To be honest, I like to think I know how software works, partly due to a degree in computer science. I also like to think I know how credentials work, though I have no degree in education. Degrees and certificates may not signify understanding, but they do signify exposure, and that certain tests were passed.

It's going to have to be up to the employer to recognize the functional difference between a CS degree from MIT, one from UT Austin, and one from ITT, as well as understand the difference between someone who paid attention to those educations and one who was coasting through.

At the same time, it can be all too easy to conclude, quite wrongly, that certification actually means you're less likely to know how things work.

Date: 2007-11-05 09:39 pm (UTC)
From: [identity profile] countrycousin.livejournal.com
I didn't see Freeman Dyson mentioned. He showed that Feynman and Schwinger, apparently speaking different languages, were mathematically equivalent. He was at Cornell at the time; I understand that Cornell didn't want to give him his PhD for that work - obviously there was nothing new in it! (I don't have a reference for that, but I see his Wikipedia entry mentions an honorary degree.) Another school (Wikipedia says it was Cornell; I'd like to believe that, being an alumnus, but that's not how I heard it) was willing to give him a professorship, and he later was at the Institute for Advanced Study at Princeton.
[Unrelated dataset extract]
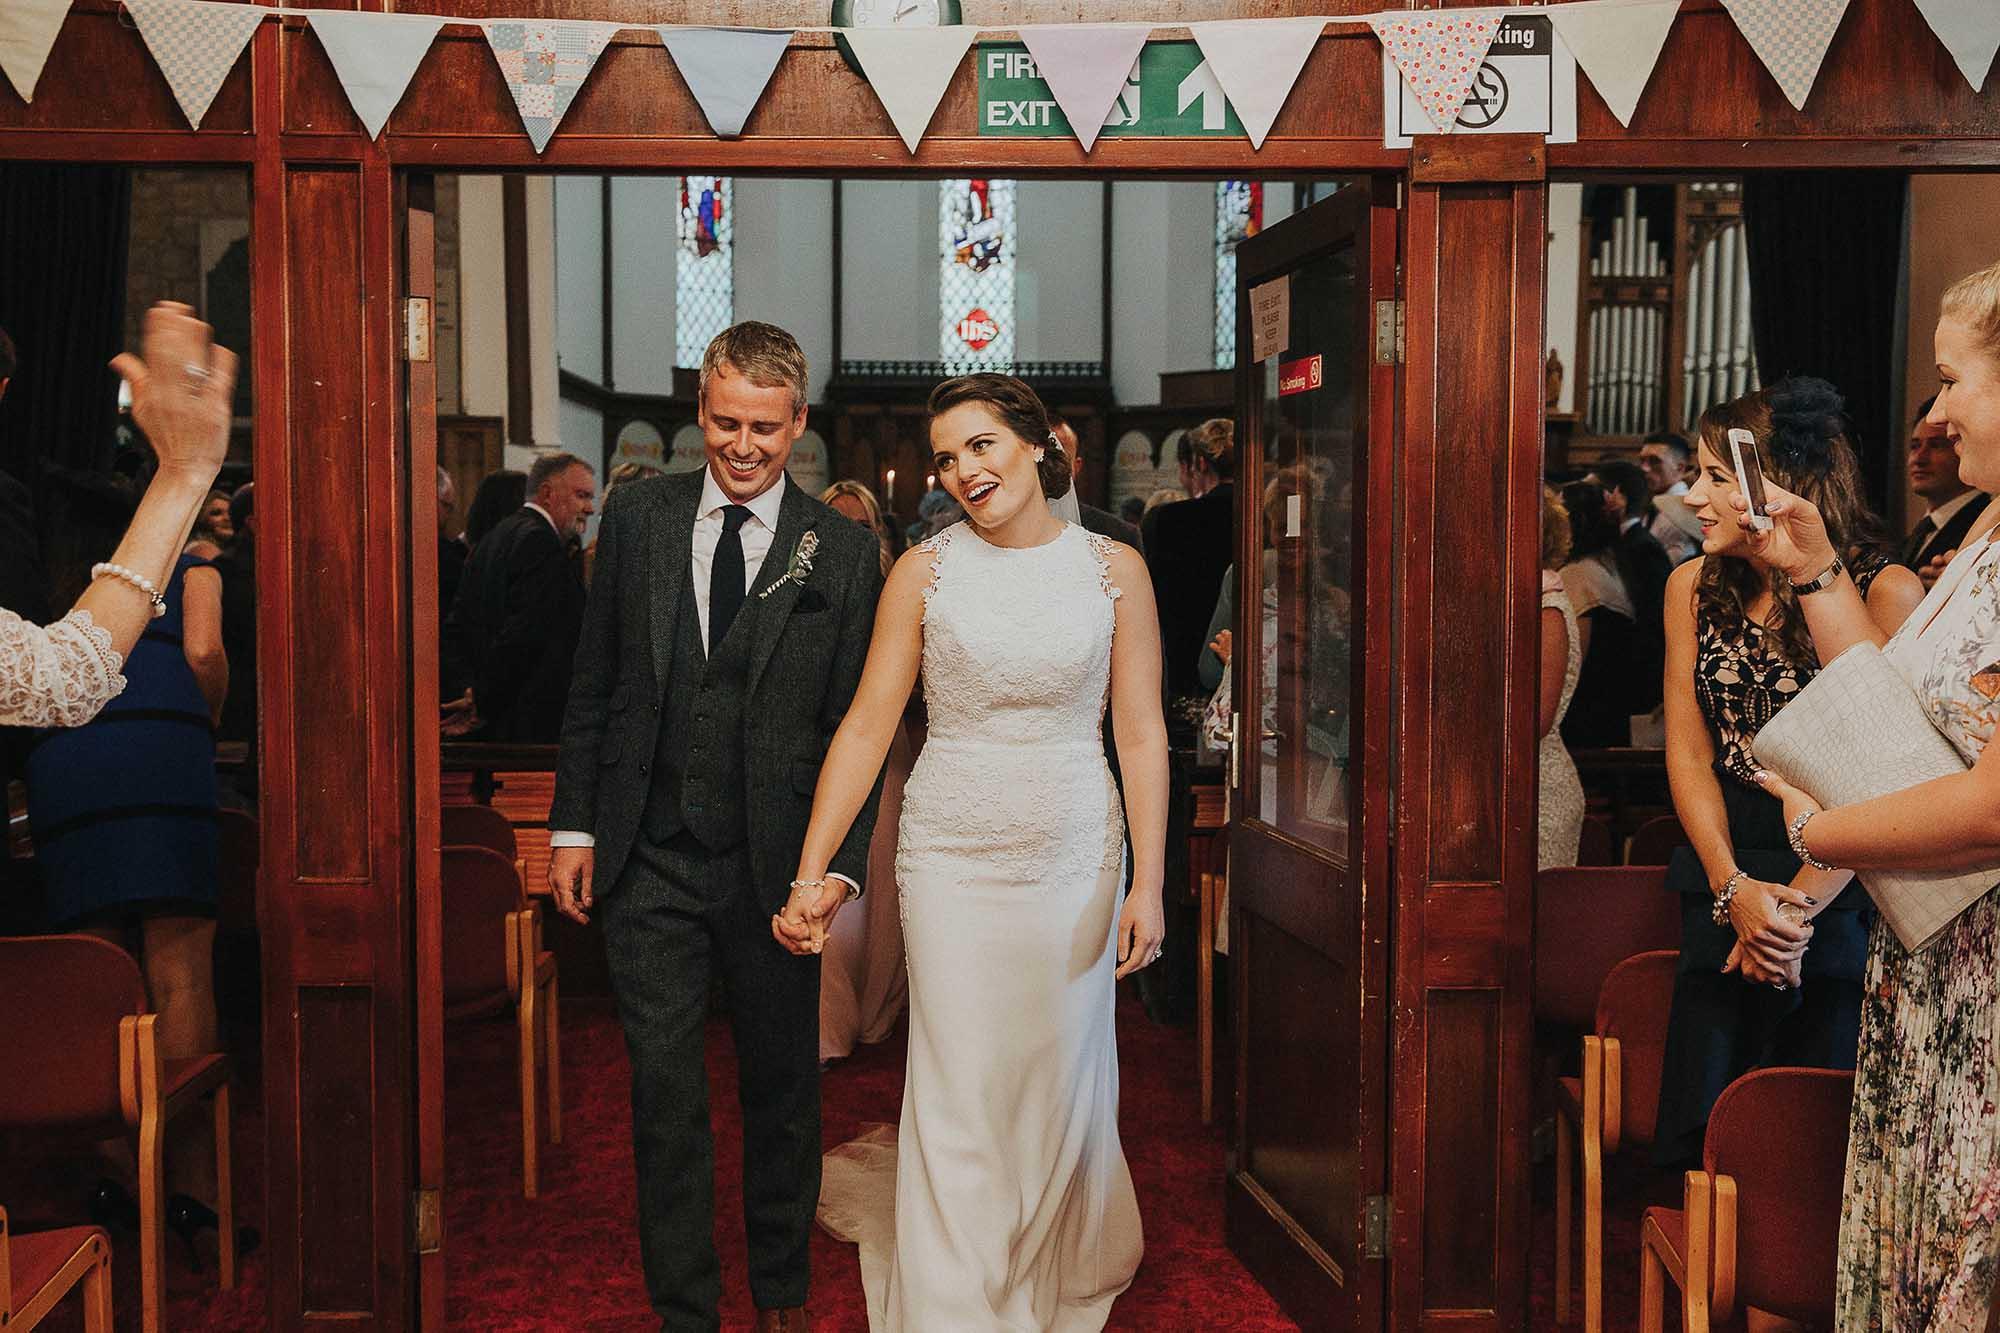 Ripponden church wedding

I actually favor getting formally educated and appropriate certificates, but that's principally for us mundane.

Date: 2007-11-13 06:24 pm (UTC)
From: [identity profile] montedavis.livejournal.com
I never did get around to all the undergraduate degree requirements (second school, third major in 5 years), because

(1) I'd been busy teaching AP-level courses at a highly ranked private school for two years before my nominal graduation date,

(2) I had an offer to go teach in Italy that looked better than sticking around to fill in in the gaps in concentration requirements

(3) My mentor, the world-class eminence on the faculty of the institution in question, went to bat for me and said "he's been doing postgrad-level work since he got here, so don't be silly."

Date: 2007-11-13 06:37 pm (UTC)
From: [identity profile] selenite.livejournal.com
I'm glad they were sensible. A classmate of mine was bounced out of a three-year Masters program after the 2nd year because they decided she couldn't make up the undergrad requirements she was missing . . . possibly true, but if she got through two years successfully how badly did she need them?

Date: 2007-11-13 07:08 pm (UTC)
From: [identity profile] montedavis.livejournal.com
Yep. Much more recently, still uncredentialed, I taught undergrads as an adjunct while going partway through the same university's teacher-training M.Ed. program aimed at teaching HS English.

It was bizarre: they had no problem interviewing me, looking at my work and work experience, and judging that I was competent to teach their own students. But the same body of evidence, including having taught HS English at age 19-21, didn't win me any slack at all in running the gantlet of "how to get credentials to teach HS English." (Don't ask, I still get the shakes.)